2.7 KiB
2.7 KiB
Dotprompt — Genkit Python
What it is
.prompt files combine YAML frontmatter (model config, schemas) with Handlebars templates. Keeps prompt logic out of Python code and makes variants easy.
File format
---
model: googleai/gemini-flash-latest
input:
schema:
food: string
ingredients?(array): string # ? = optional
output:
schema: Recipe # references a schema registered with ai.define_schema()
format: json
---
You are a chef. Generate a recipe for {{food}}.
{{#if ingredients}}
Include these ingredients:
{{list ingredients}}
{{/if}}
Place .prompt files in a prompts/ directory and point prompt_dir at it.
Python setup
from pathlib import Path
from pydantic import BaseModel
from genkit import Genkit
from genkit.plugins.google_genai import GoogleAI
ai = Genkit(
plugins=[GoogleAI()],
model='googleai/gemini-flash-latest',
prompt_dir=Path(__file__).resolve().parent.parent / 'prompts',
)
# Register Pydantic models referenced in .prompt output.schema
class Recipe(BaseModel):
title: str
steps: list[str]
ai.define_schema('Recipe', Recipe)
Calling a prompt
# Non-streaming — double-call syntax: ai.prompt('name')(input={...})
response = await ai.prompt('recipe')(input={'food': 'banana bread'})
result = Recipe.model_validate(response.output)

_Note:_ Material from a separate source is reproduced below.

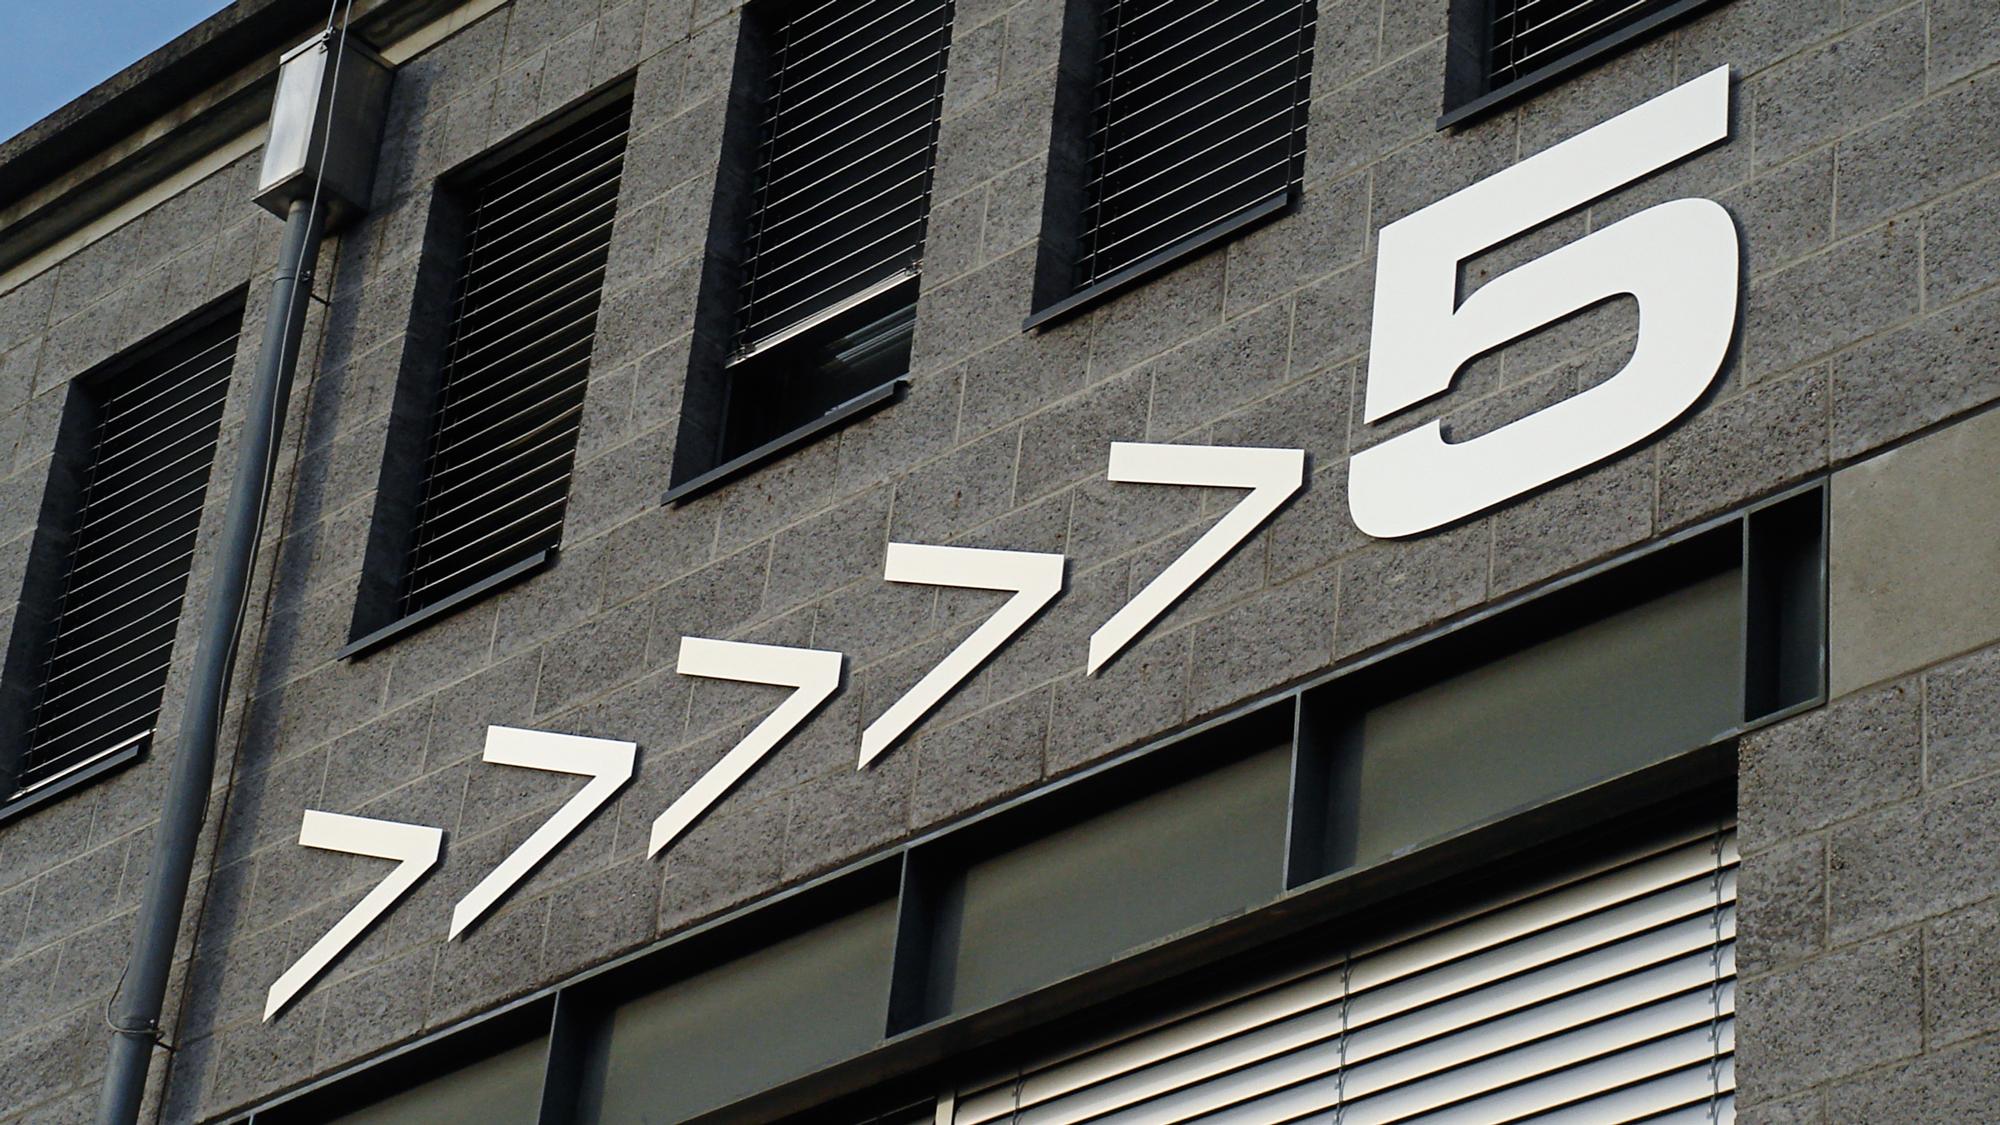 IBL5-Fassade.jpg

# Variant (recipe.robot.prompt file)
response = await ai.prompt('recipe', variant='robot')(input={'food': 'banana bread'})
Streaming from a prompt
from genkit import ActionRunContext
@ai.flow()
async def tell_story(subject: str, ctx: ActionRunContext) -> str:
result = ai.prompt('story').stream(input={'subject': subject})
full = ''
async for chunk in result.stream:
if chunk.text:
ctx.send_chunk(chunk.text)
full += chunk.text
return full
Note: .stream(input={...}) not ai.generate_stream(...) — different call shape for prompts.
Render without generating (for LLM-judge evals)

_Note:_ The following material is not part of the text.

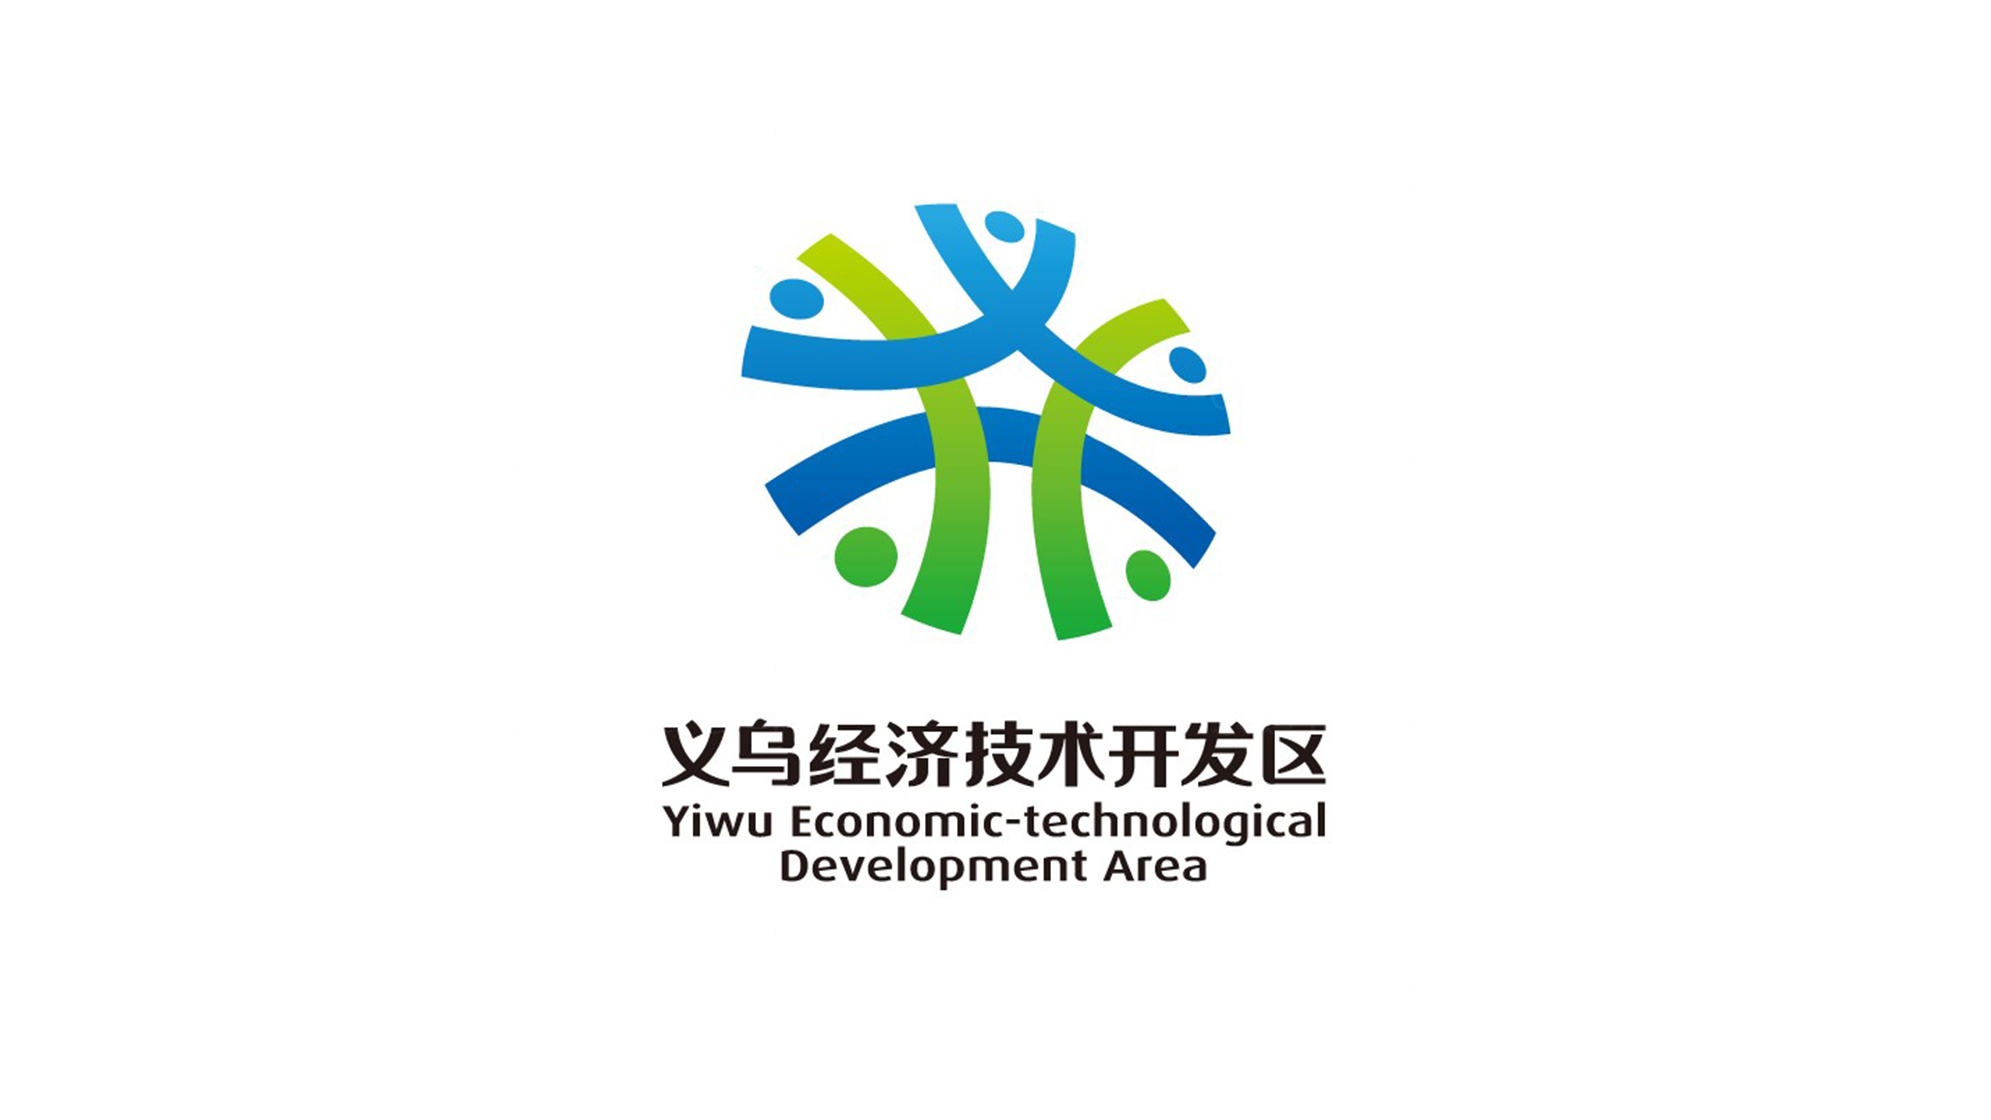 政府组织品牌设计义乌经济技术开发区LOGO&VI设计

rendered = await ai.prompt('my_prompt').render(input={'key': 'value'})
response = await ai.generate(model='googleai/gemini-flash-latest', messages=rendered.messages)
Helpers
Register Python functions callable inside Handlebars templates:
def list_helper(data: object, *args, **kwargs) -> str:
if not isinstance(data, list):
return ''
return '\n'.join(f'- {item}' for item in data)
ai.define_helper('list', list_helper)
Then use {{list ingredients}} in your .prompt file.
Variants
Name the file <name>.<variant>.prompt — e.g. recipe.robot.prompt.
Call with ai.prompt('recipe', variant='robot').
Partials
Use {{>partial_name param=value}} in templates. Partial files are named _partial_name.prompt.